Exercises can help reinforce and strengthen the region around the damaged disks, and enhance mobility. 

Exercises that develop the back and stomach muscles include walking, riding, and swimming, as well as core programs such as yoga and pilates for strengthening. 

The National Health Service of the United Kingdom (NHS) suggests a few basic exercises to try at home. 

Lie on the floor or on a bed on your back, with your feet flat on the floor. 

1. Press the lower back down on the floor. Take 5 seconds to carry. 10 times to repeat. 

2. Squeeze the buttocks together in the same place, and raise them gently to make a low bridge. Only squeezing the buttocks will help if it is hard to create a bridge. Do 10 times this. 
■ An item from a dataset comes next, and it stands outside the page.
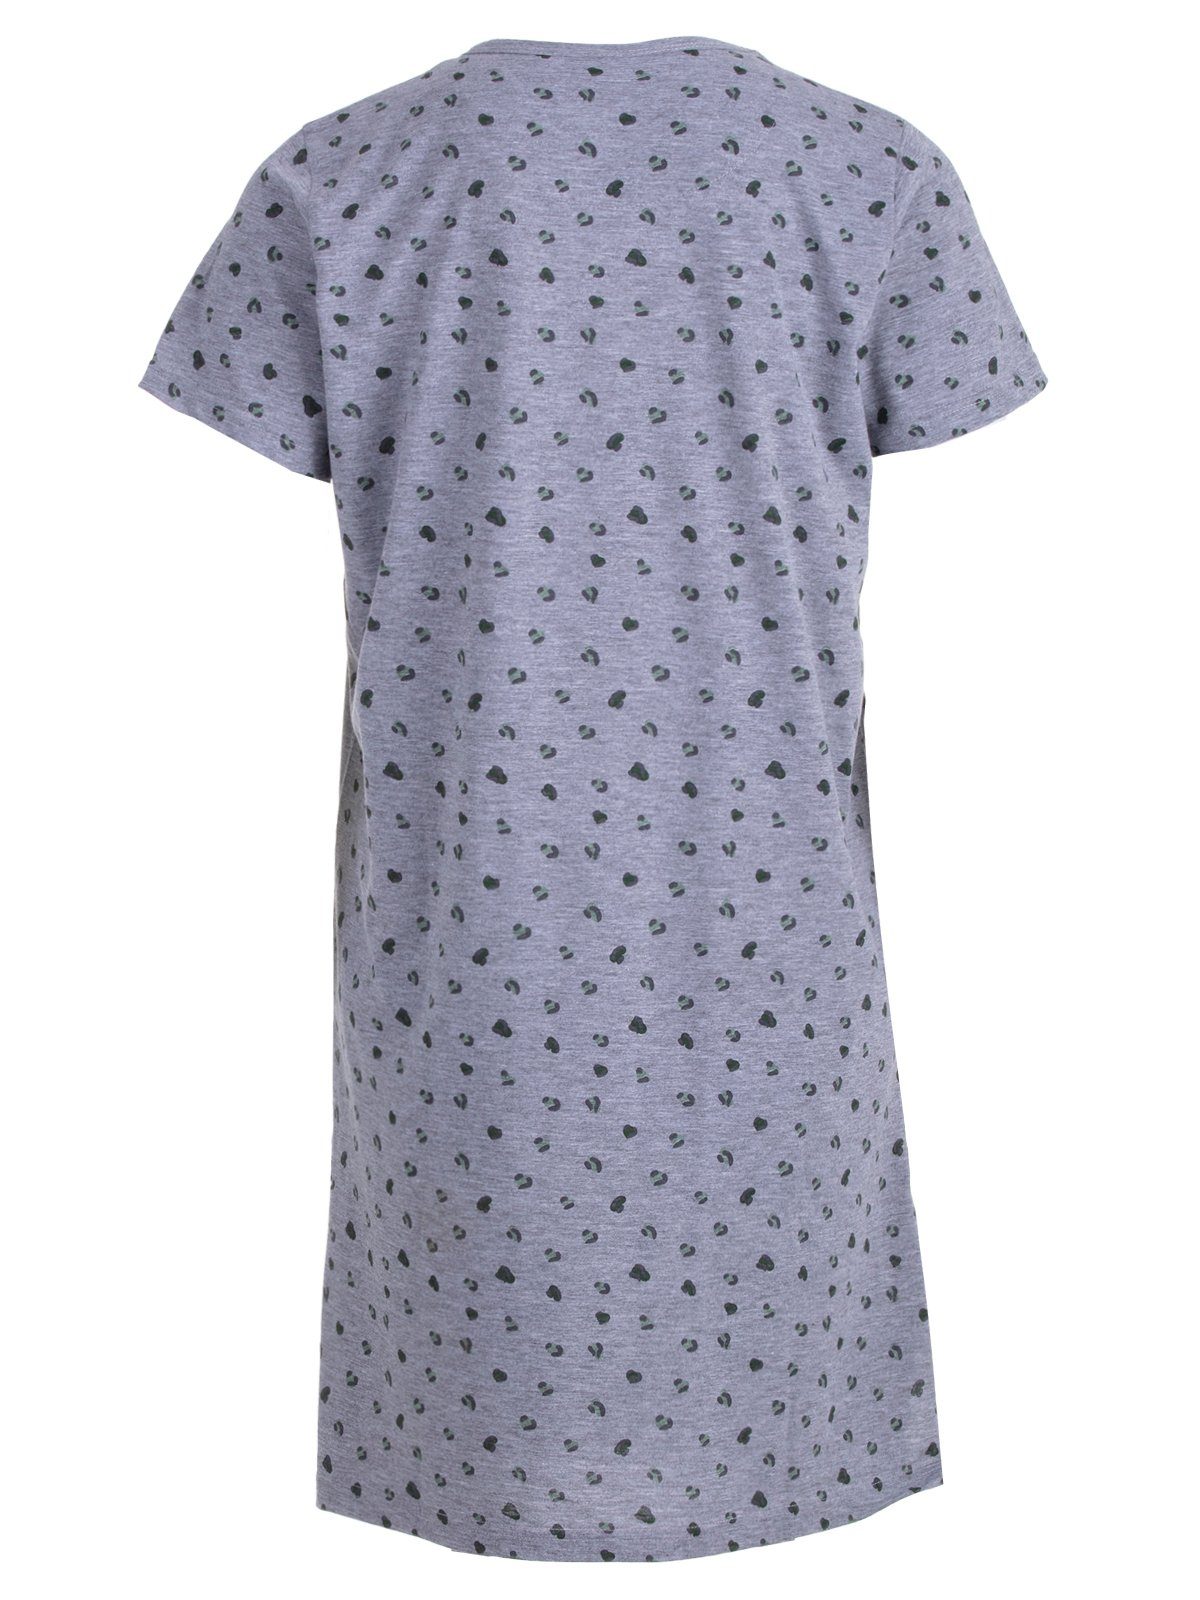 Herzleo Nachthemd - Nachthemd Kellerfalte Kurzarm zeitlos grau

3. Shift the knees from side to side gently. 

Weights lifting can help, but this has to be done under supervision and without bending the body. 

Surgery 

Surgery can be suggested in patients who do not respond to conservative therapies within about 3 months.

This may be an option if there is:

  • back or leg pain that stops the patient from carrying out regular activities
  • numbness or weakness in the legs
  • difficulty standing or walking

The following surgical options are available:

spinal surgery
If conservative management does not have the intended effect, spinal surgery may be required to correct the degenerated disc.

Surgery for stabilization or spinal fusion: fusing two vertebrae together provides the spine with stability. 

This can be done anywhere in the spine, but in the lower back and region of the neck it is more common. These are the most movable spine pieces. 

In patients whose spine can no longer bear their weight, this can alleviate intense discomfort, but it can also worsen the degeneration of the disks adjacent to the fused vertebrae. 

Decompression surgery: Different methods for removing part of the disk joint may alleviate nerve pressure. 

Other methods of treatment may be appropriate for a patient experiencing osteoarthritis, a herniated disc, or spinal stenosis. 

Stem cell therapy 

Researchers at Queensland University , Australia, have had some success in using stem cells as a tissue engineering method. 

The goal is to promote the development of usable cartilage, using an injectable hydrogel method. The researchers concluded that stem cell therapy could be helpful for the regeneration of intervertebral discs. 

The verdict is still out and a lot more trials are required to prove this safe and successful treatment.